This page is part of the web mail archives of SRFI 57 from before July 7th, 2015. The new archives for SRFI 57 contain all messages, not just those from before July 7th, 2015.



At Wed, 29 Sep 2004 08:56:59 -0400 (EDT), Andre van Tonder wrote:
> 
> On Tue, 28 Sep 2004, Alex Shinn wrote:
> 
> > In a straightforward implementation along the lines of SRFI-9 (or
> > built on top of it), the type may be a first class value and without
> > low-level macros you wouldn't have access to filed information at
> > compile time.  You would then need to check a mutability flag at
> > runtime.
> 
> Such an implementation should be non-conformant.  I will amplify the 
> specification to say that a compile-time error has to be signaled if one 
> attempts to update! an immutable field (it should have been in there but 
> I must have ovelooked it).  Compile-time checking of field 
> validity is one of the points of this SRFI.  It can be done with 
> high-level macros.  The reference implementation does 
> this.

I can't think of a way to do this in syntax-rules if the name of the
record-type itself is a first-class value.  The reference
implementation relies on the fact that the name is a macro.
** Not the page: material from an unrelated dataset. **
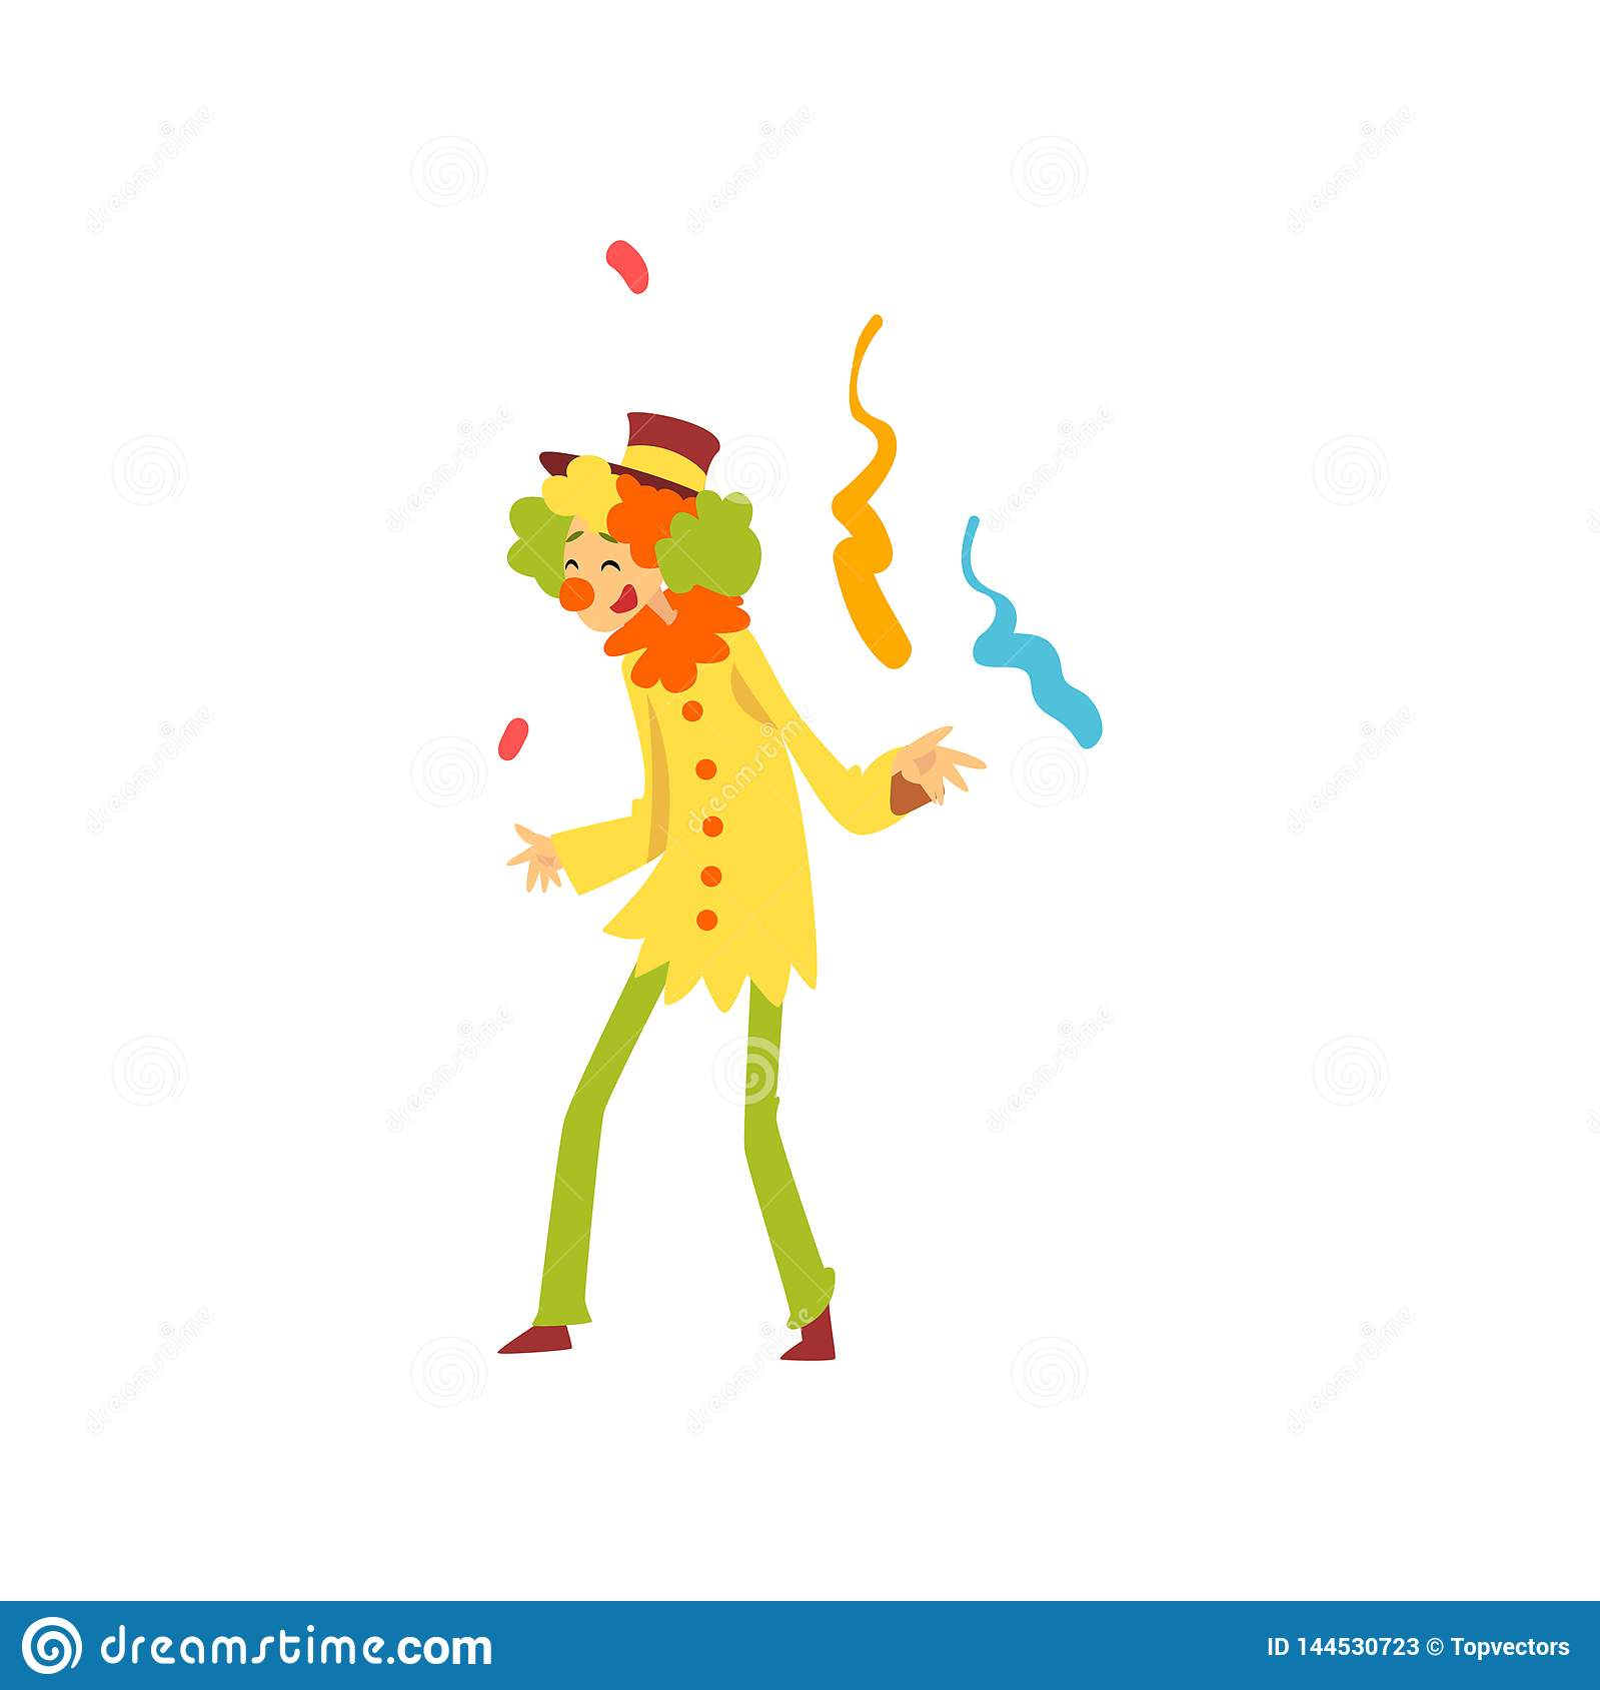 Η χαριτωμένη αστεία απόδοση κλόουν στα γενέθλια, το κόμμα καρναβαλιού ή το τσίρκο παρουσιάζουν διανυσματική απεικόνιση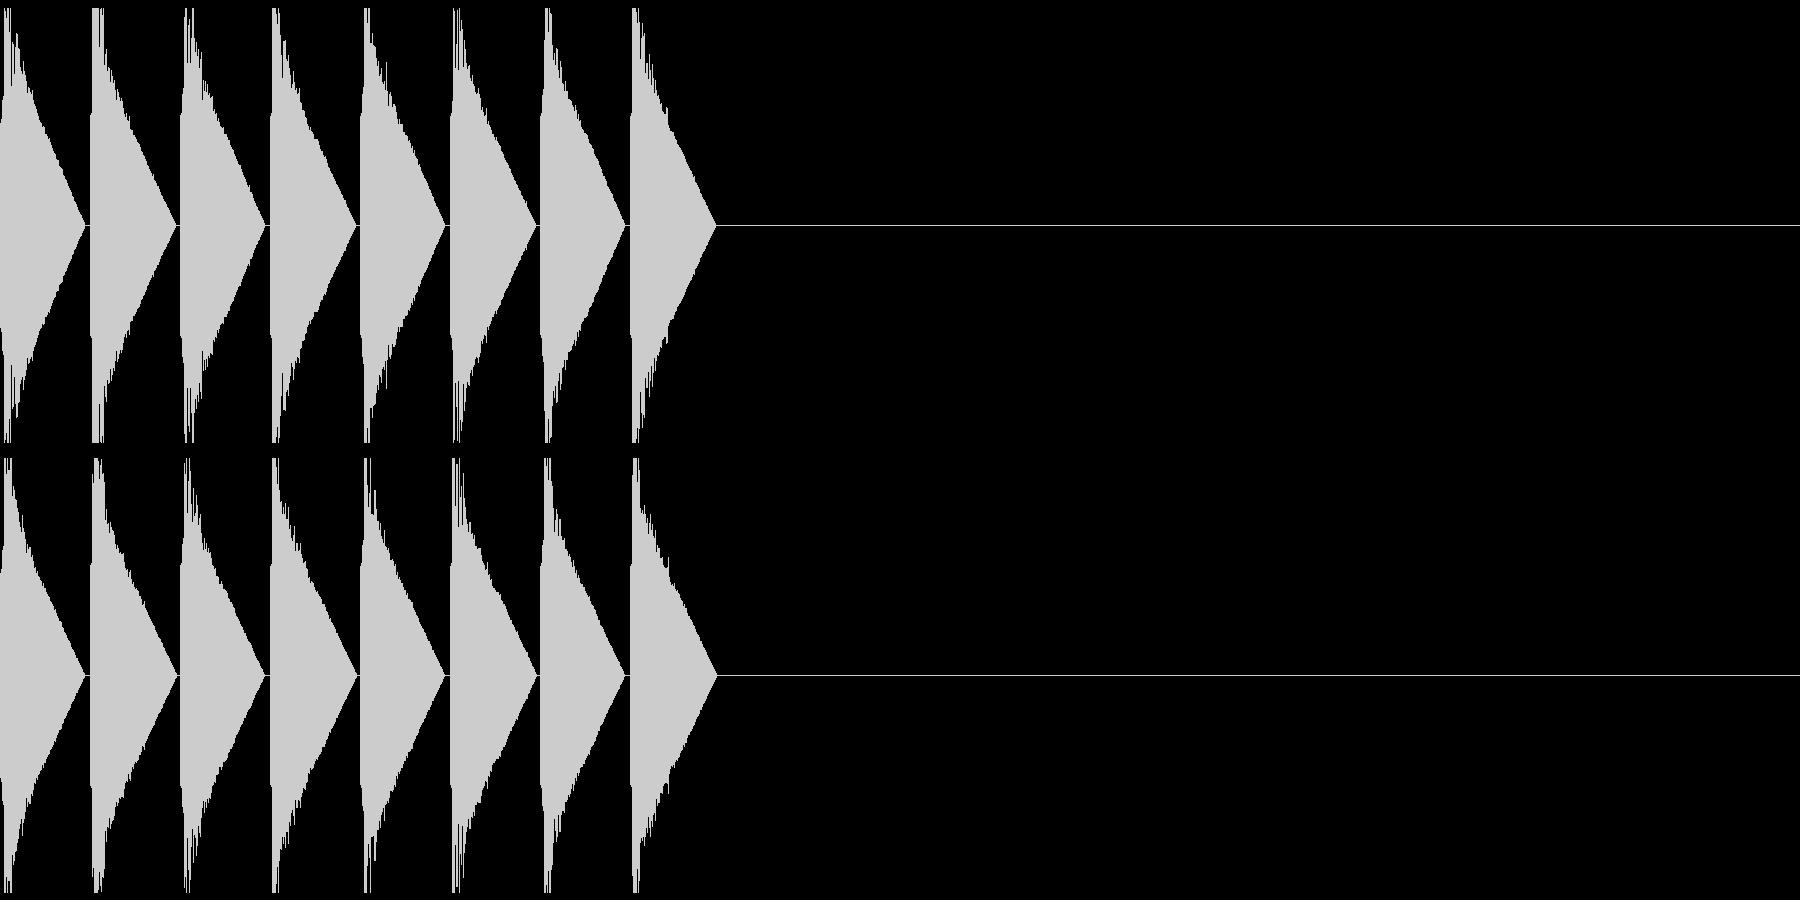 ロボットが歩く時の音の未再生の波形

But this is a minor issue - implementations that want first class
record types are likely to already be using a robust OO system that
can handle immutable fields without a performance hit, and just fall
back on a runtime type error.

> I like the current solution where the "mutability flag" is simply whether 
> there is a third element in the field spec (either setter or #f). 
> Otherwise things can become too wordy.  This does not exclude future usage 
> of keyword arguments for other attributes.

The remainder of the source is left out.